• _Directions for this task_
Excluding pictures, give the entries again exactly as they appear.

• _Data to examine_
⟨

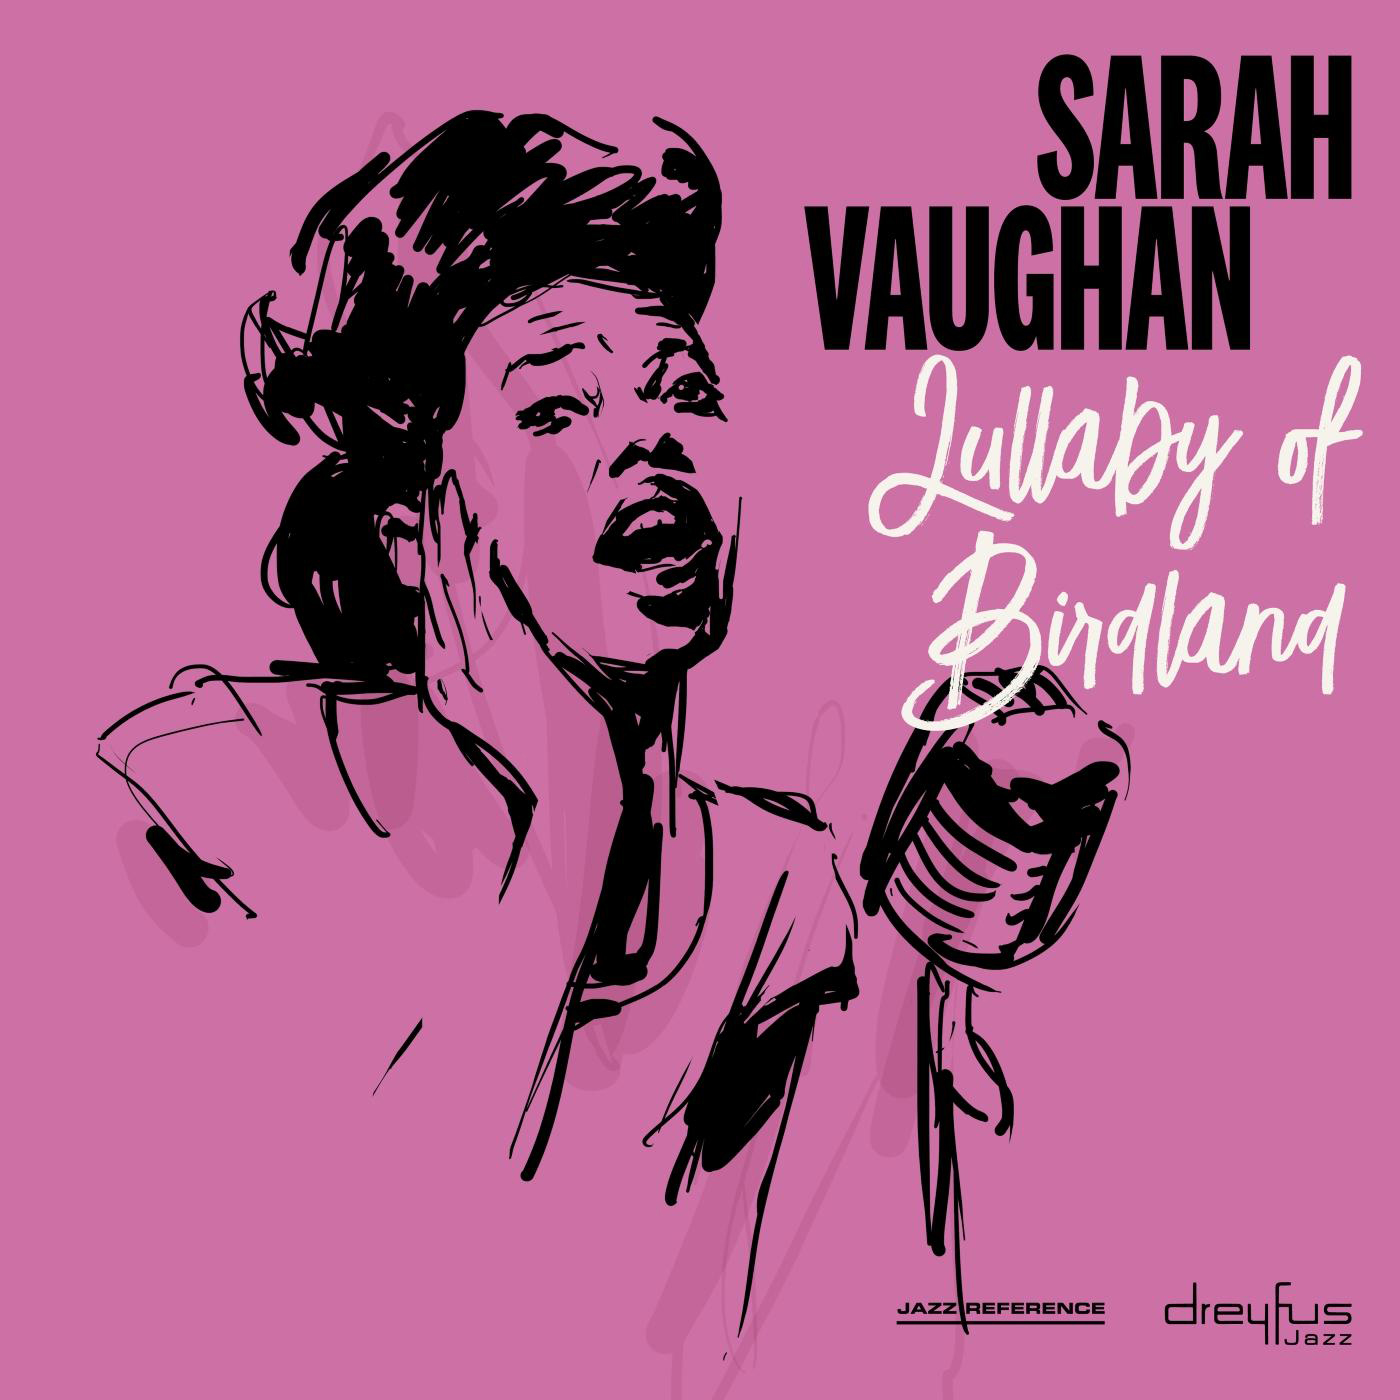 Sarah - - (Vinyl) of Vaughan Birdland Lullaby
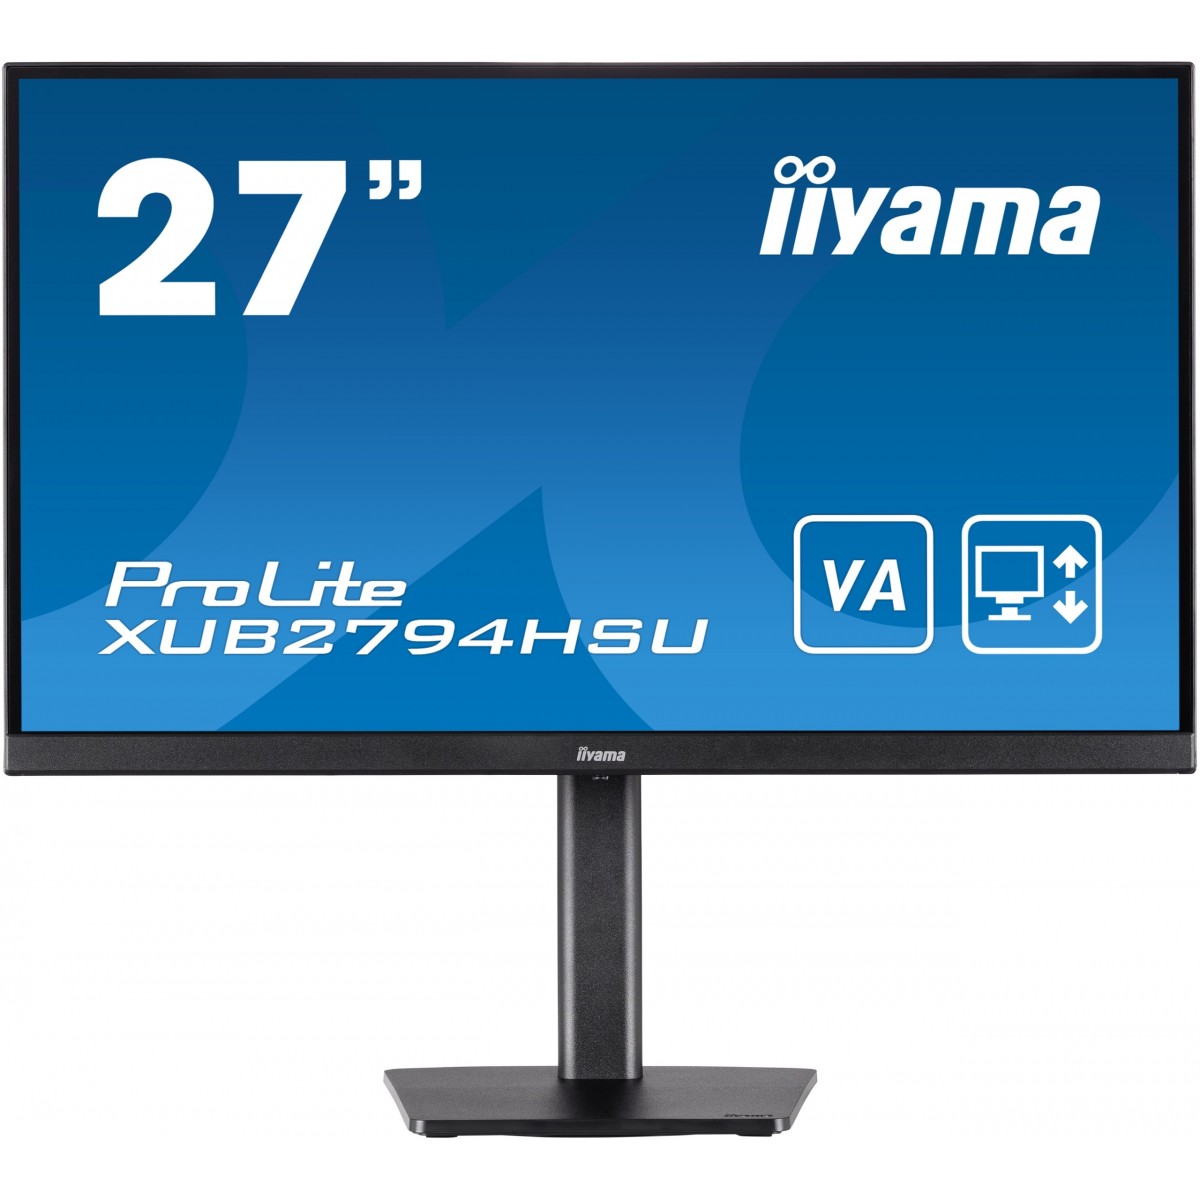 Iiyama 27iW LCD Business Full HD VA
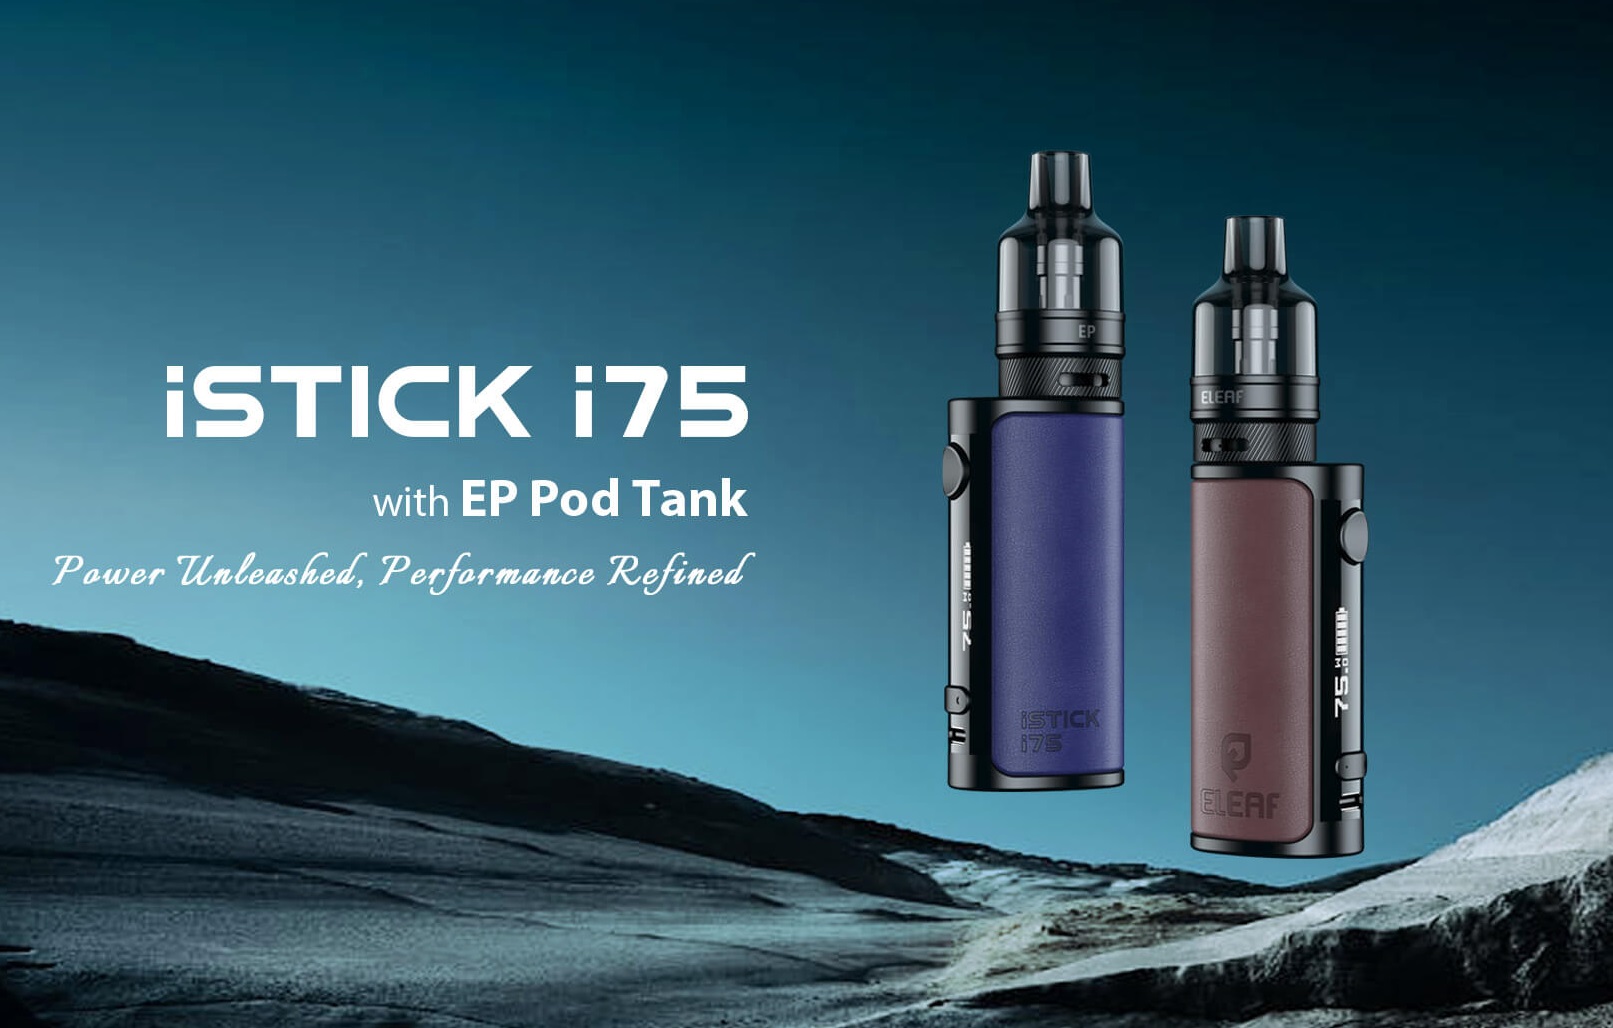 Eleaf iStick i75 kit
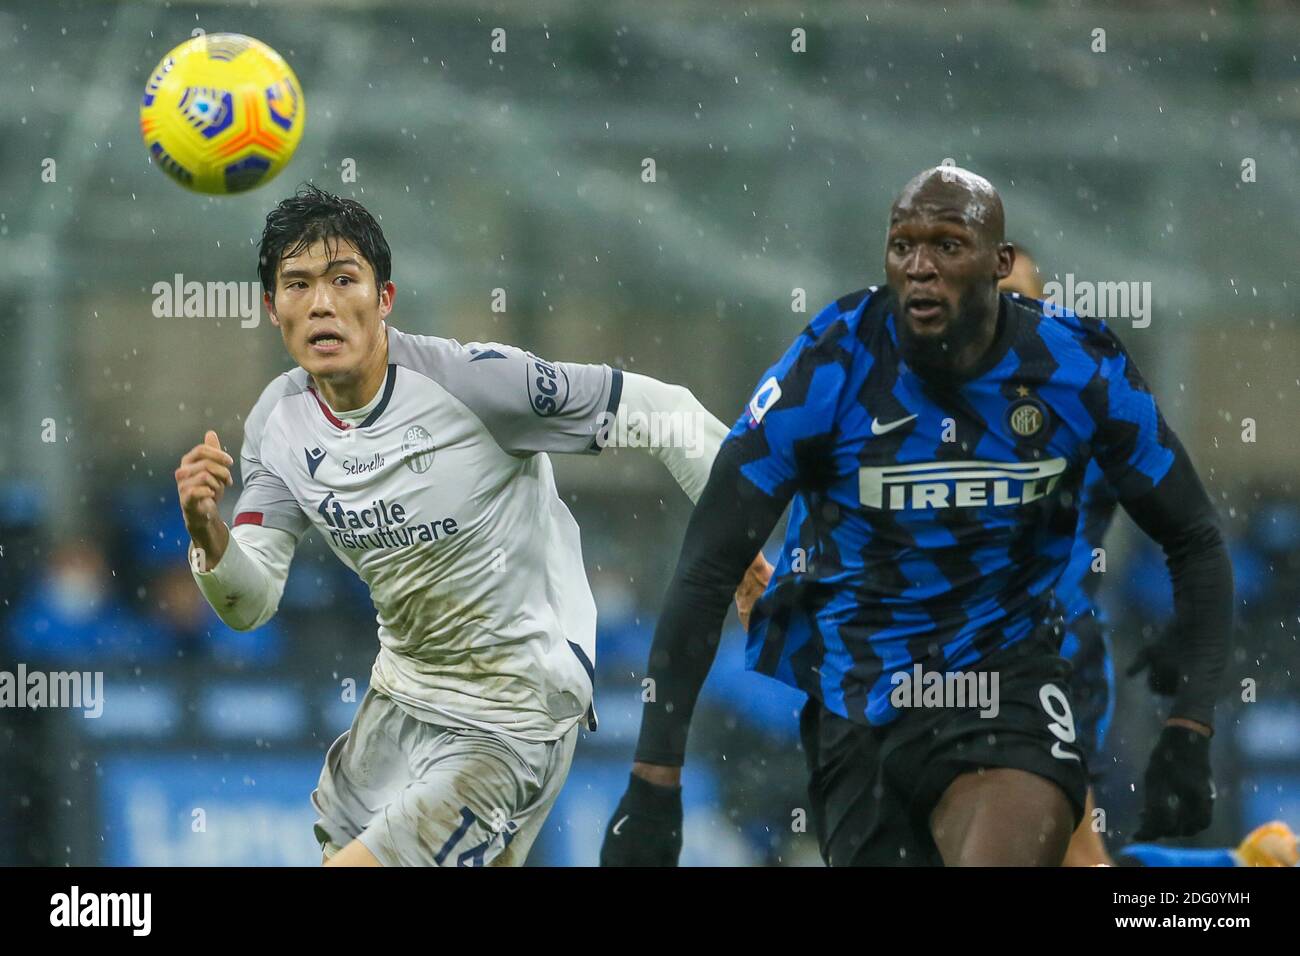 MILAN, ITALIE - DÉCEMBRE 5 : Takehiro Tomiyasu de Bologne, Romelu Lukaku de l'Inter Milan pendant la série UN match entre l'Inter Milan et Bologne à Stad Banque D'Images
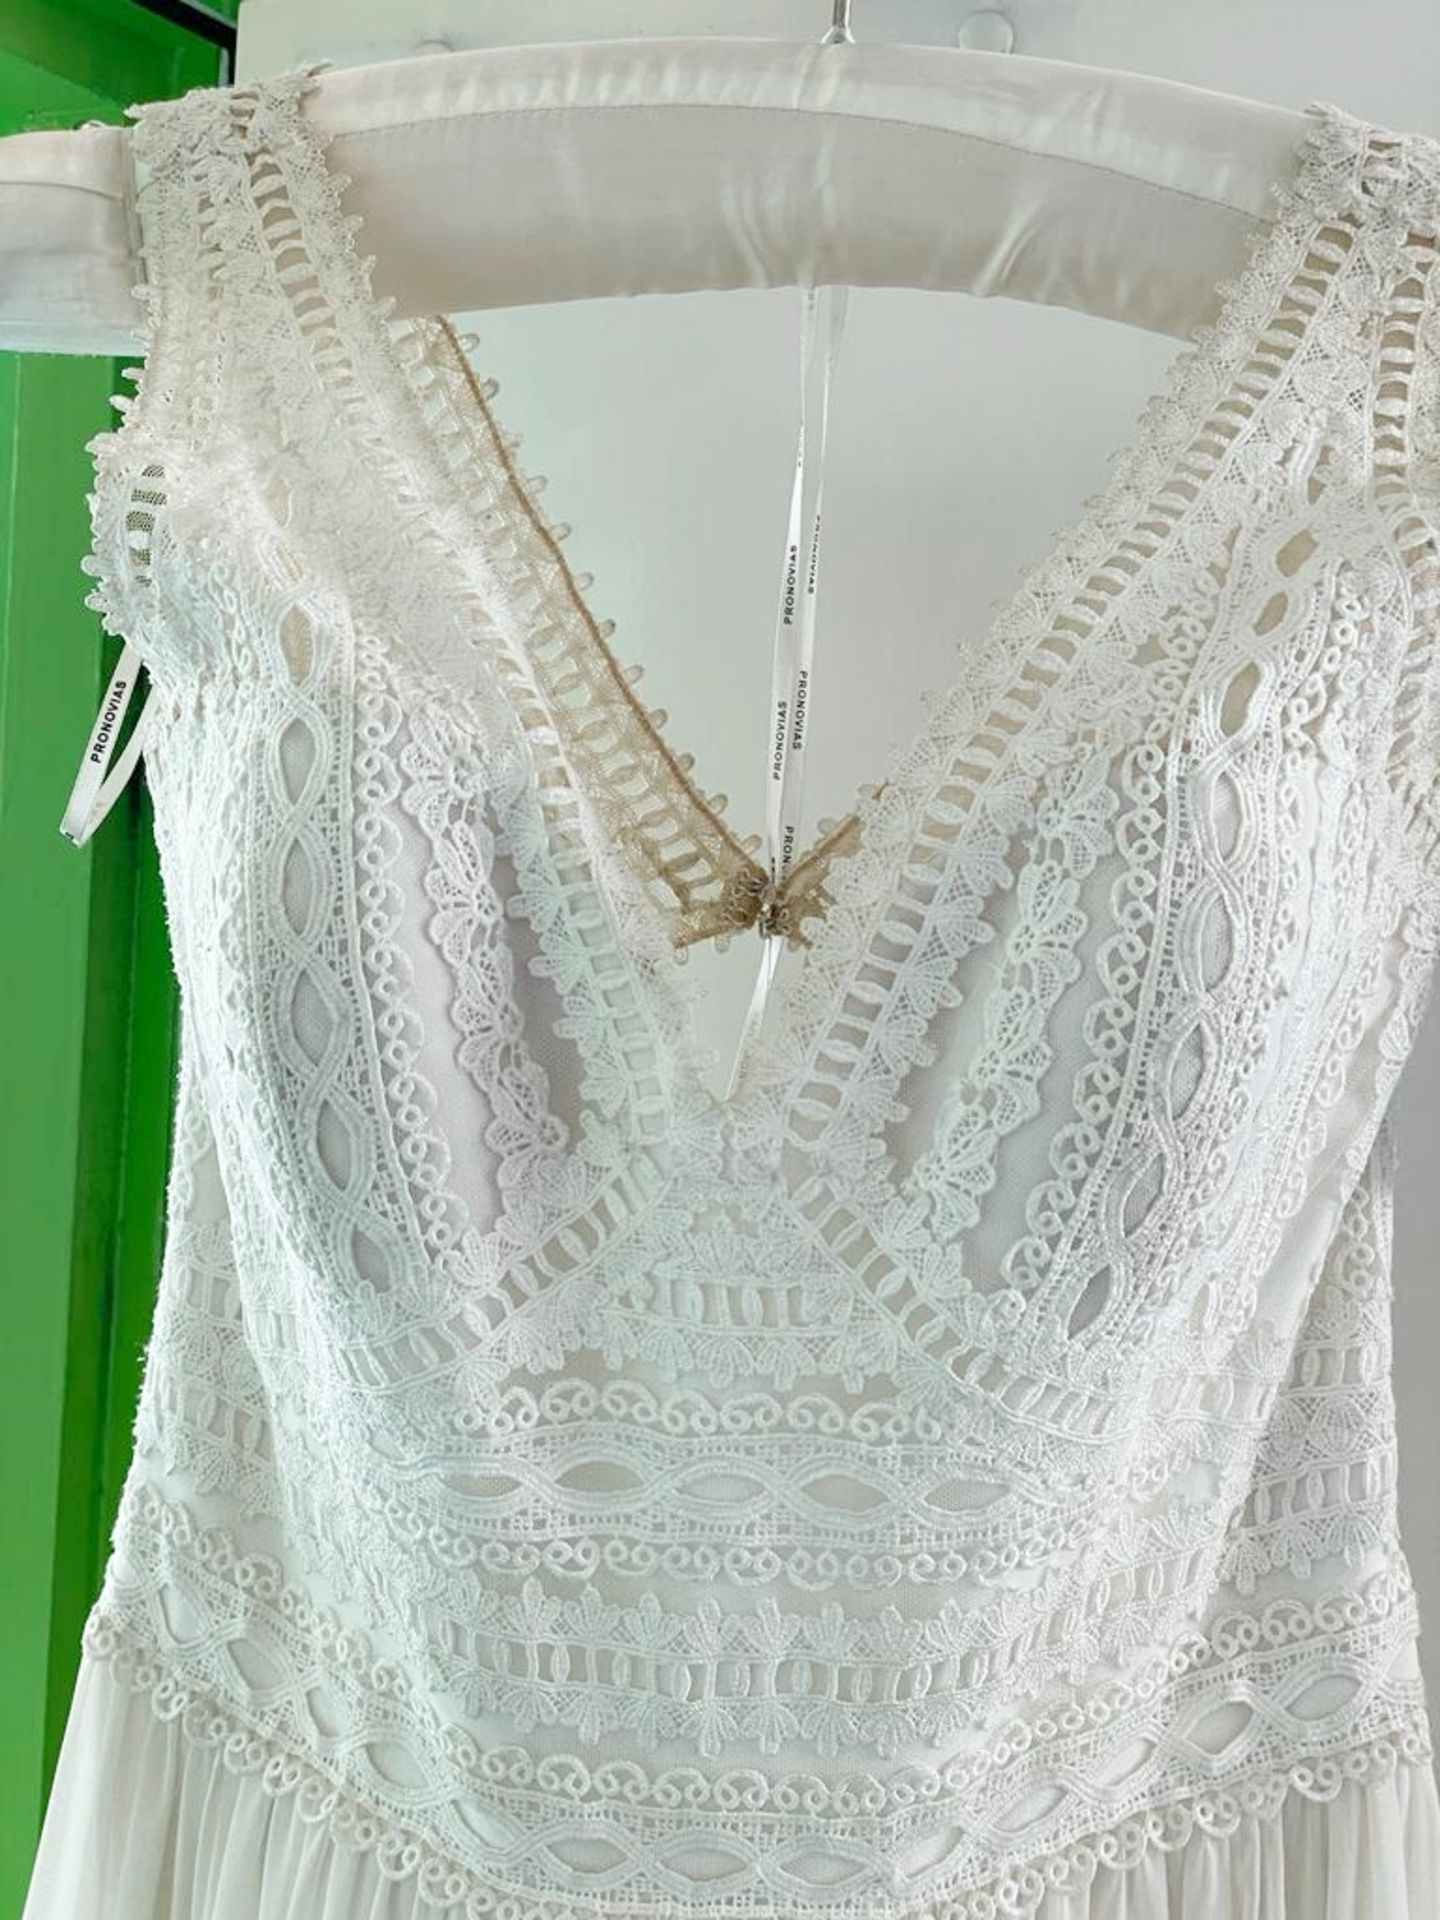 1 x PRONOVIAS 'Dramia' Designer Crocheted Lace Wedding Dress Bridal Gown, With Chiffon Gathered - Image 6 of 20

⟩

• _Written response_
 Sarah - - (Vinyl) of Vaughan Birdland Lullaby
 Iiyama 27iW LCD Business Full HD VA
 Eleaf iStick i75 kit
 MILAN, ITALIE - DÉCEMBRE 5 : Takehiro Tomiyasu de Bologne, Romelu Lukaku de l'Inter Milan pendant la série UN match entre l'Inter Milan et Bologne à Stad Banque D'Images
 1 x PRONOVIAS 'Dramia' Designer Crocheted Lace Wedding Dress Bridal Gown, With Chiffon Gathered - Image 6 of 20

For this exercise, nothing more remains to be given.